Issue running Nsys profiler in docker and analysing the results

Hello,

We have an application based on the docker holoscan:v3.4.0-igpu running on Orin Jetson with Ubuntu 22.04 and our goal is to profile our application to check cuda usage and verify our models run in parallel.

I was trying to follow NSight Systems Profiling - NVIDIA Docs
The first issue I have is that nsys is not found in the docker. Since I have it on host (nsys: /usr/local/bin/nsys), I tried to mount it in our docker run command with -v /usr/local/bin/nsys:/usr/local/bin/nsys

Once mounted, the library libbpf.so.1 is not found
nsys: error while loading shared libraries: libbpf.so.1: cannot open shared object file: No such file or directory
I installed it with apt install -y libbpf1 inside the container.

I now have the issue :
Error: The CLI executable is in the ‘target-linux-tegra-armv8’ directory in your installation.
Modify the executable in your command to be a symbolic link pointing to ‘target-linux-tegra-armv8/nsys’.
easily fixed by mounting the volume /opt/nvidia/nsight-systems in the container.
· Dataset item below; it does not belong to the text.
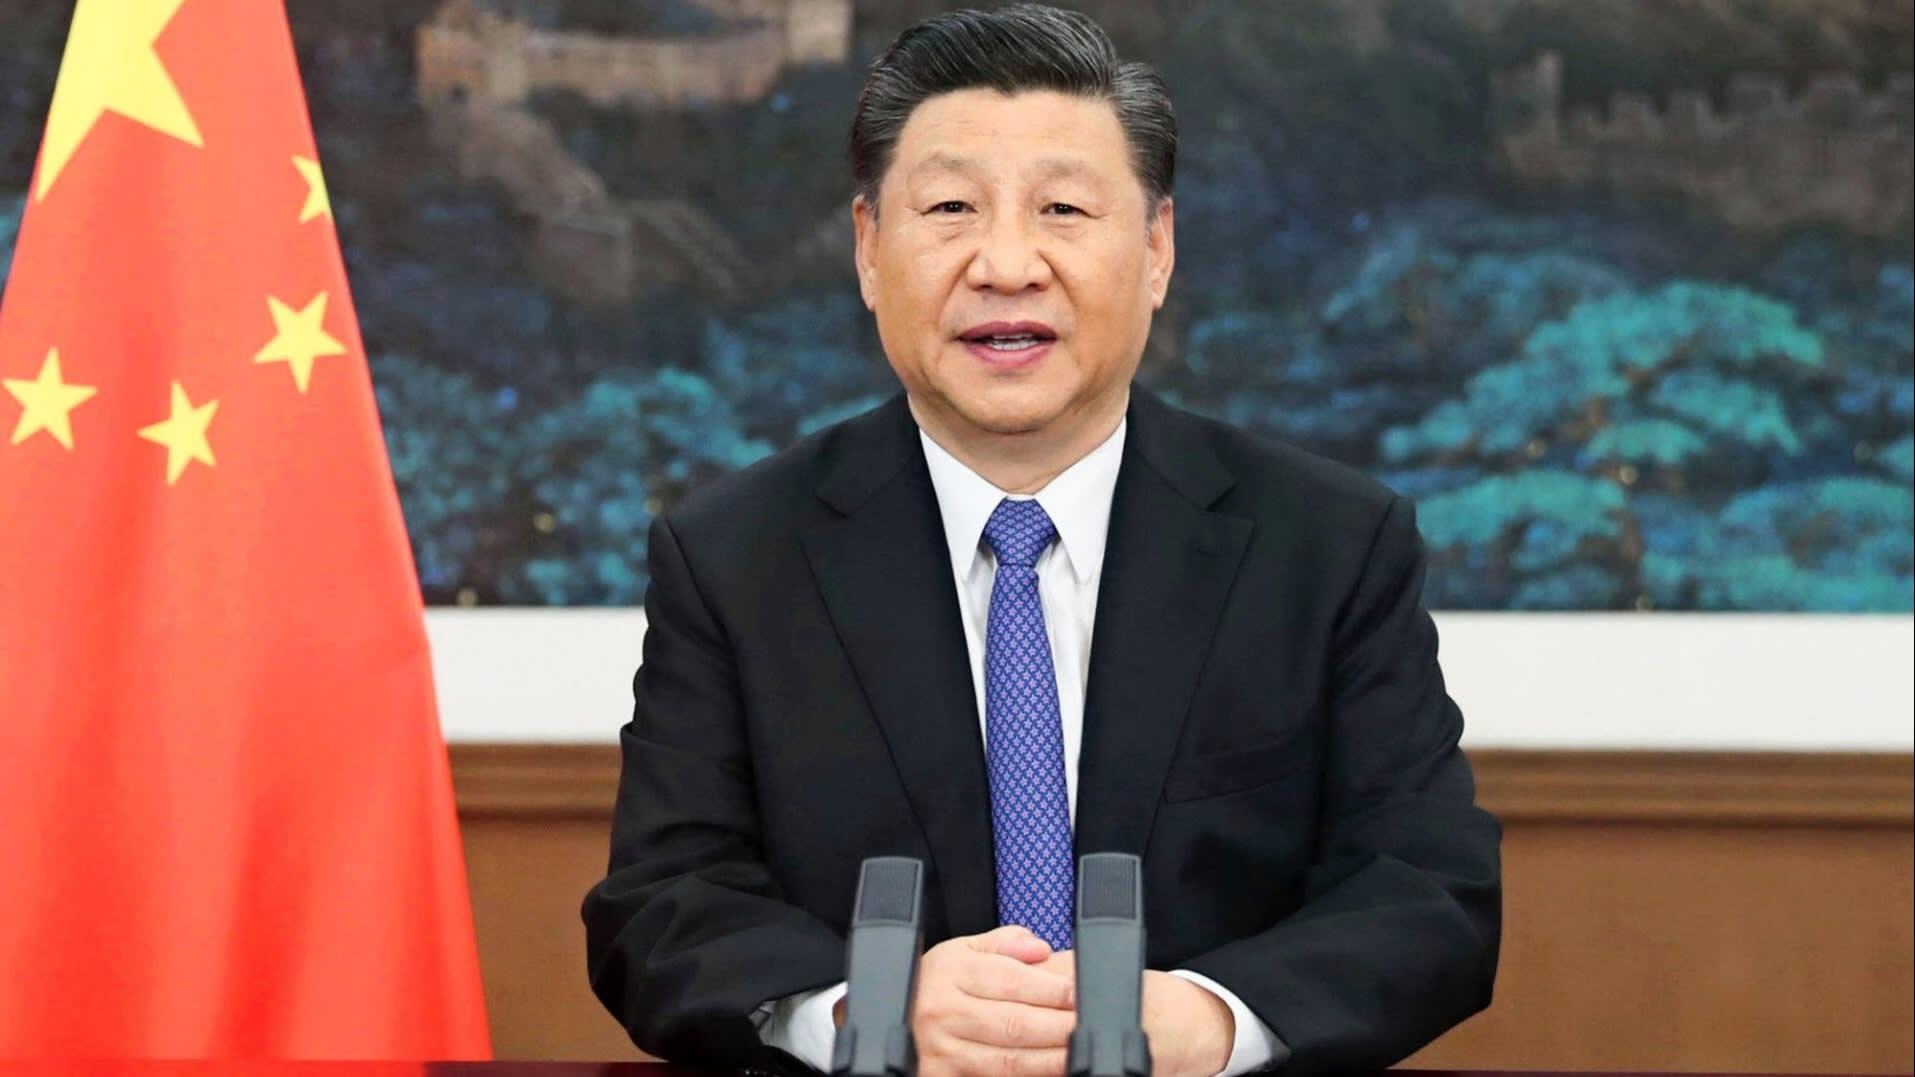 Chủ tịch Trung Quốc tuyên bố nước này sẽ cân nhắc gia nhập CPTPP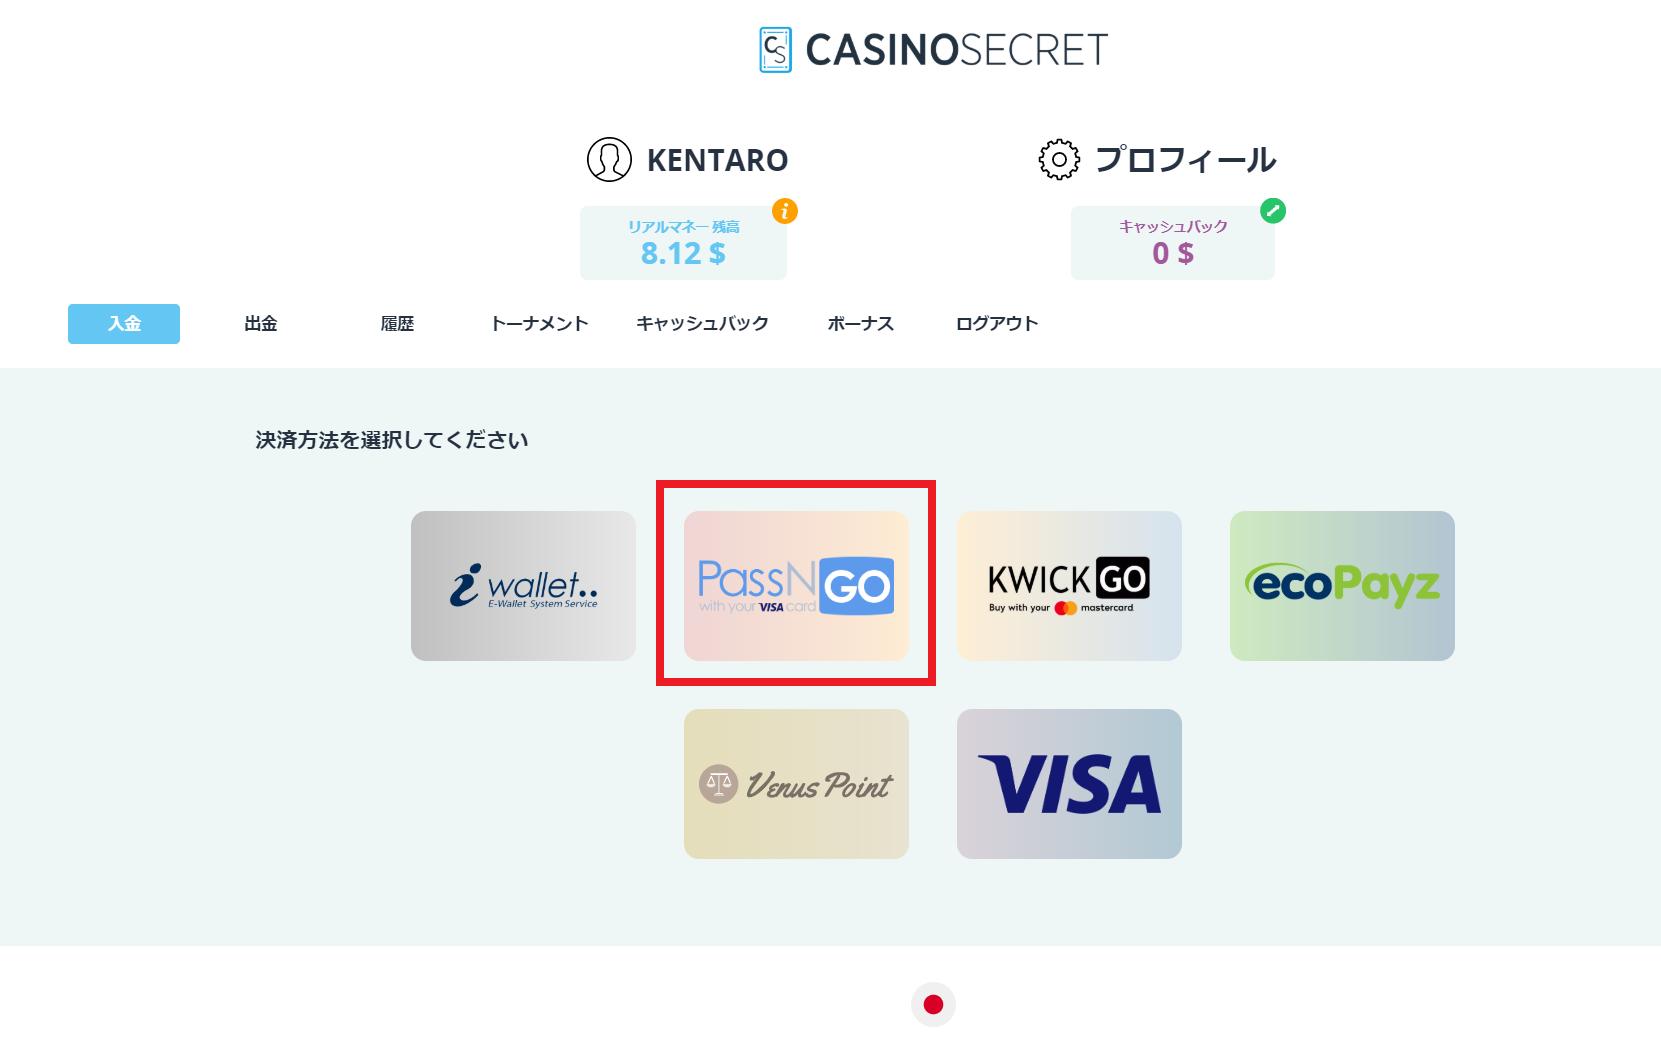 カジノシークレット 入金1

I can now run the command /opt/nvidia/nsight-systems/2024.5.4/target-linux-tegra-armv8/nsys profile -t cuda,nvtx,osrt -o profiler -f true -d 3 python script.py
it records fine but generate a .qdstrm file instead of a nsys-rep file. I can’t open this file with nsys-ui (it keep on loading)

I was able to obtain the nsys-rep file by using QdstrmImporter utility as detailed here User Guide — Nsight Systems

After opening it with nsys-ui, my question is: how can I verify that our models execution runs in parallel ? I can see the GXF responsible of the inference running across multiple stream, but each block is only in one worker thread at a time. How can I verify we use our resources in an optimal way ?

Thank you for reaching out.

Mounting /usr/local/bin/nsys mounts only main symlink to our application instead of all needed files. There are couple problems caused by this that you have already noticed: e.g. missing libbpf.so.1 which is being delivered as part of nsight-systems installation or report file not being generated due to missing host-linux-tegra-armv8 directory or wrong location for our files ("Error: The CLI executable is in…”).

Could you try to mount whole host /opt/nvidia directory into your docker (-v /opt/nvidia:/opt/nvidia) and repeat the test?

On the other problem: What is your python script.py doing? Could you provide screenshot of Nsight Systems timeline rows that contain workload that you are concerned not being parallel, so that I better understand the issue?

Additionally, you can check SM occupancy. Run with “–gpu-metrics-device=all” option and look at the SM Active row under the GPU section. This shows how much of the GPU’s Streaming Multiprocessor capacity is actively being used.